Figure 27.13 shows observations of an elliptical galaxy that behaves in exactly this way. At the center of this active galaxy, there is a ring of dust and gas about 400 light-years in diameter, surrounding a 1.2-billion-MSun black hole. Radio observations show that two jets emerge in a direction perpendicular to the ring, just as the model predicts.
Quasars and the Attitudes of Astronomers
The discovery of quasars in the early 1960s was the first in a series of surprises astronomers had in store. Within another decade they would find neutron stars (in the form of pulsars), the first hints of black holes (in binary X-ray sources), and even the radio echo of the Big Bang itself. Many more new discoveries lay ahead.
As Maarten Schmidt reminisced in 1988, “This had, I believe, a profound impact on the conduct of those practicing astronomy. Before the 1960s, there was much authoritarianism in the field. New ideas expressed at meetings would be instantly judged by senior astronomers and rejected if too far out.” We saw a good example of this in the trouble Chandrasekhar had in finding acceptance for his ideas about the death of stars with cores greater than 1.4 MSun (see the feature box on Subrahmanyan Chandrasekhar).
“The discoveries of the 1960s,” Schmidt continued, “were an embarrassment, in the sense that they were totally unexpected and could not be evaluated immediately. In reaction to these developments, an attitude has evolved where even outlandish ideas in astronomy are taken seriously.
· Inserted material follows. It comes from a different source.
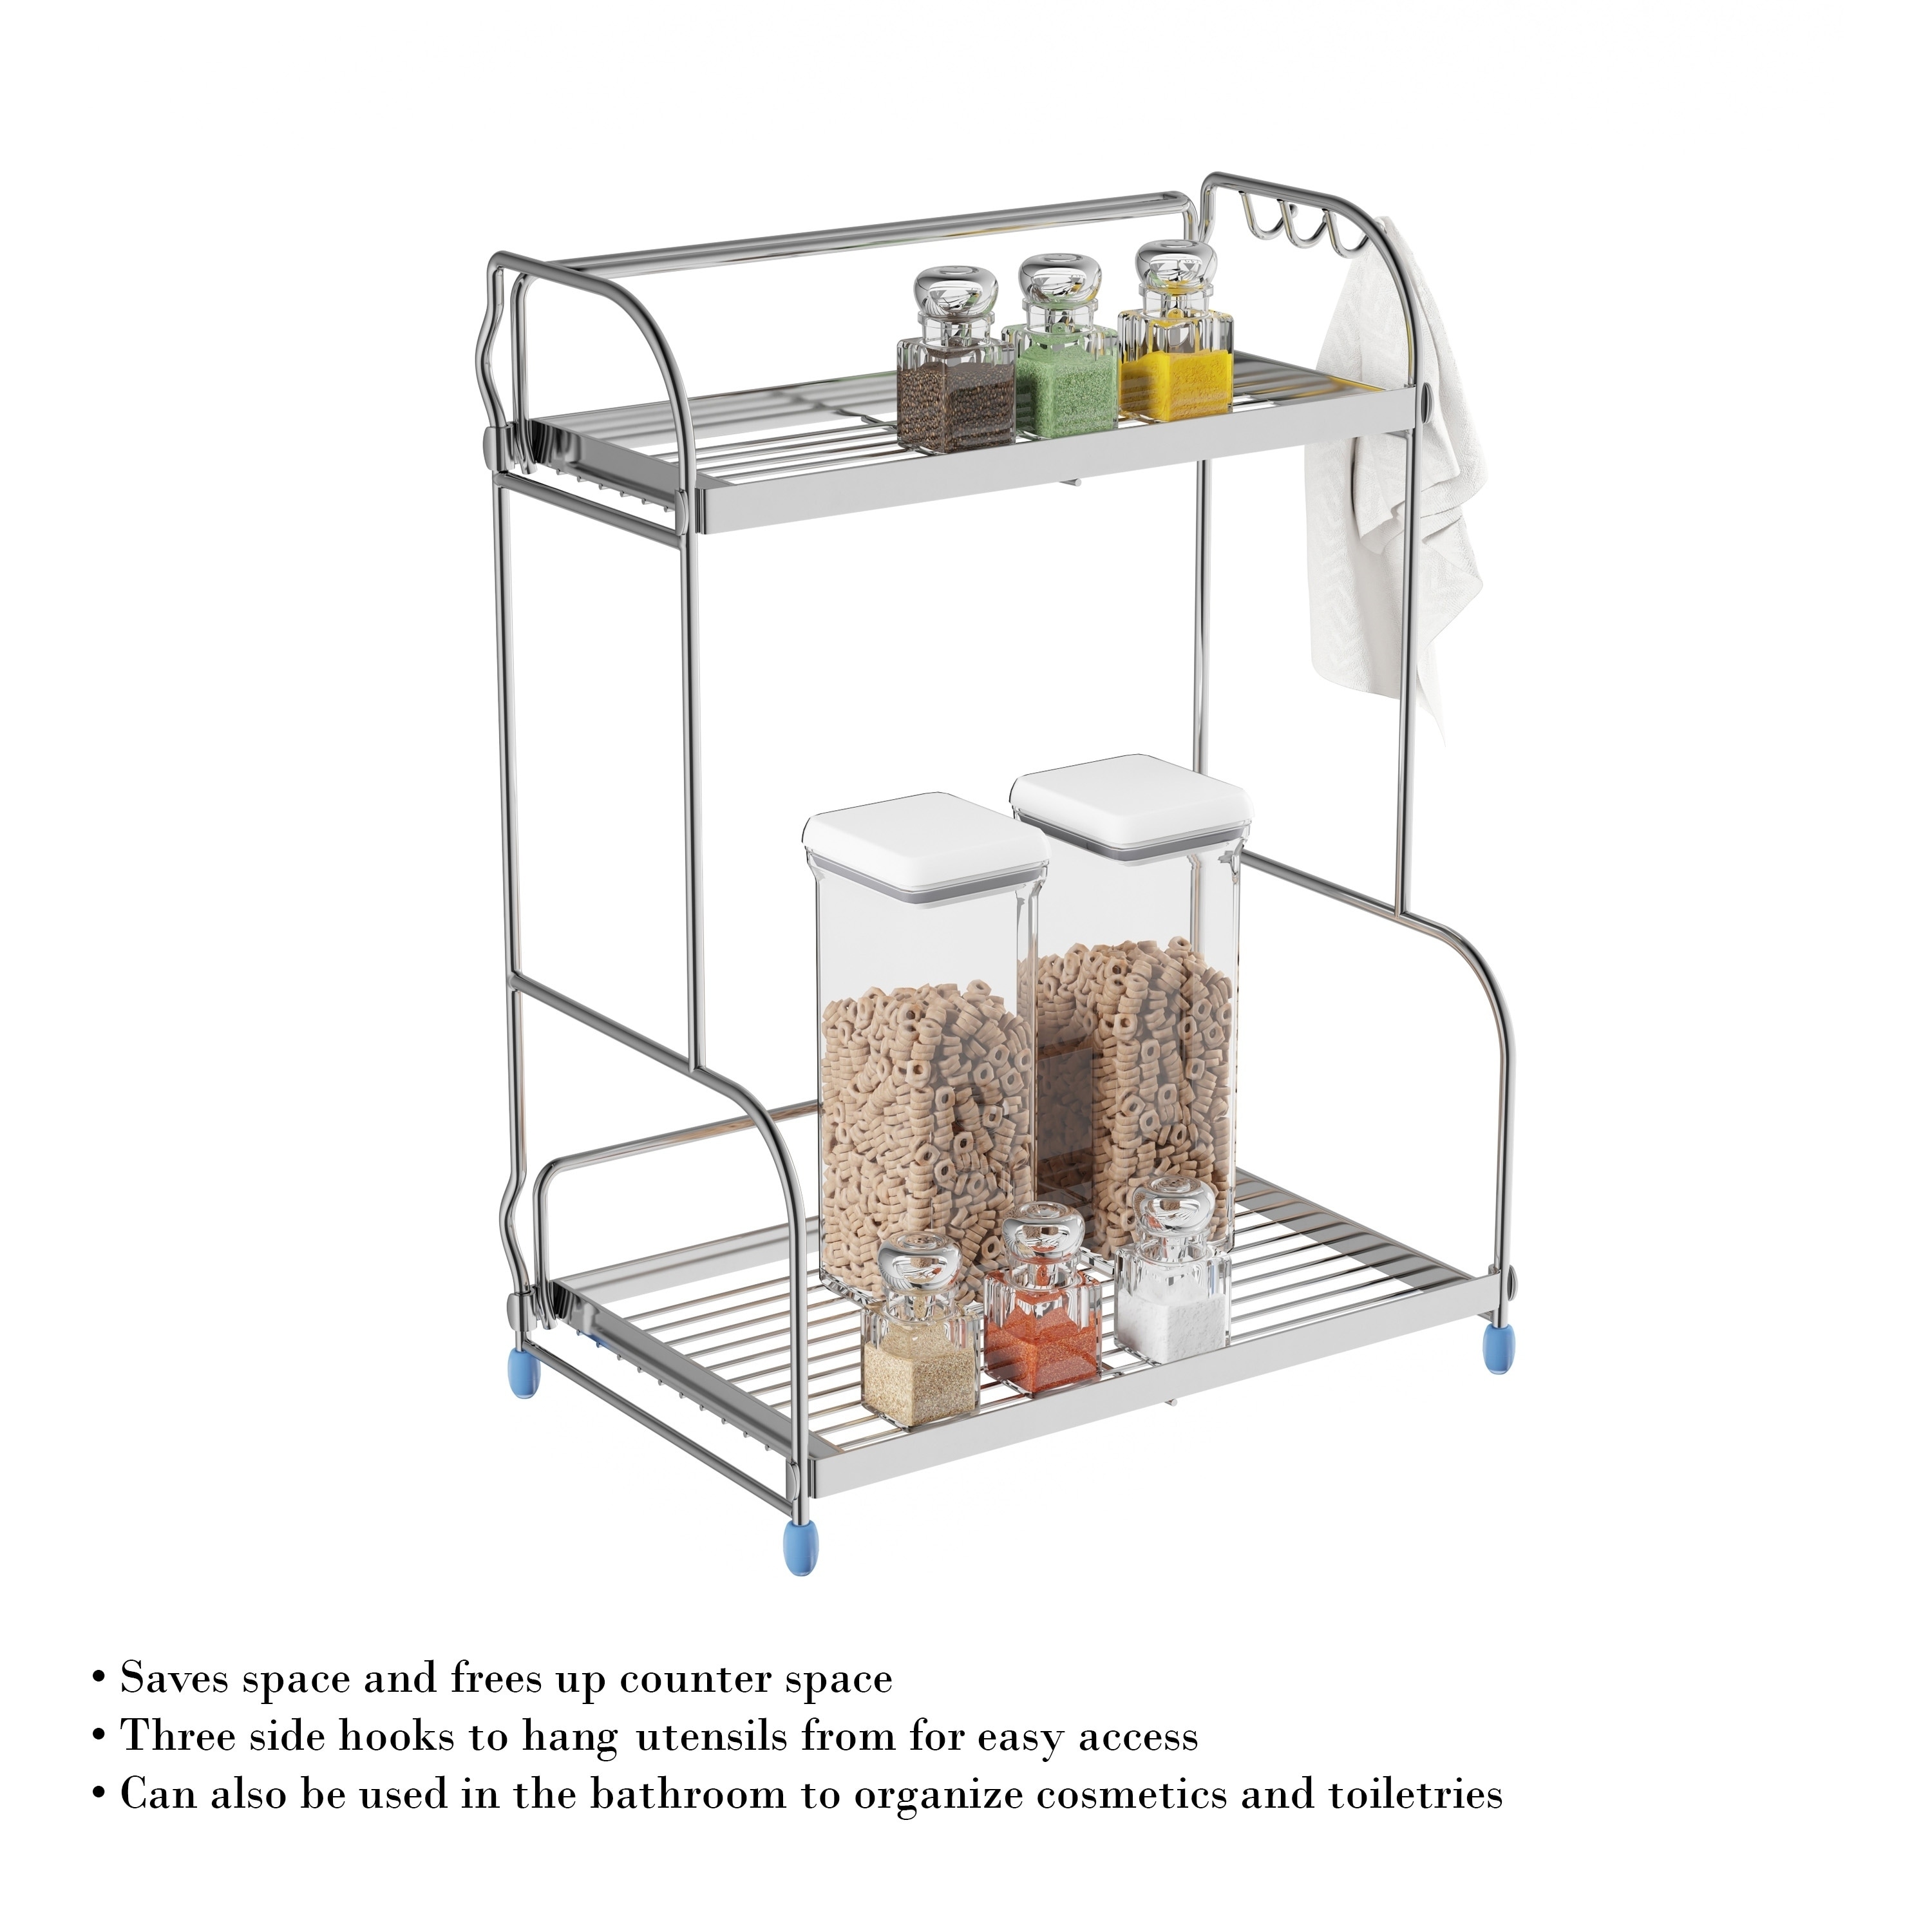 https://ak1.ostkcdn.com/images/products/26042480/2-Tiered-Countertop-Storage-Shelves-with-3-Side-HooksFree-Standing-by-Lavish-Home-32e4e283-a7d1-4d09-9112-531ac8ca231b.jpg

Given our lack of solid knowledge in extragalactic astronomy, this is probably to be preferred over authoritarianism.”1
That is not to say that astronomers (being human) don’t continue to have prejudices and preferences. For example, a small group of astronomers who thought that the redshifts of quasars were not connected with their distances (which was definitely a minority opinion) often felt excluded from meetings or from access to telescopes in the 1960s and 1970s. It’s not so clear that they actually were excluded, as much as that they felt the very difficult pressure of knowing that most of their colleagues strongly disagreed with them. As it turned out, the evidence—which must ultimately decide all scientific questions—was not on their side either.
But today, as better instruments bring solutions to some problems and starkly illuminate our ignorance about others, the entire field of astronomy seems more open to discussing unusual ideas. Of course, before any hypotheses become accepted, they must be tested—again and again—against the evidence that nature itself reveals. Still, the many strange proposals published about what dark matter might be (see The Evolution and Distribution of Galaxies) attest to the new openness that Schmidt described.
With this black hole model, we have come a long way toward understanding the quasars and active galaxies that seemed very mysterious only a few decades ago. As often happens in astronomy, a combination of better instruments (making better observations) and improved theoretical models enabled us to make significant progress on a puzzling aspect of the cosmos.
- 1 M. Schmidt, “The Discovery of Quasars,” in Modern Cosmology in Retrospect, ed. B. Bertotti et al. (Cambridge University Press, 1990).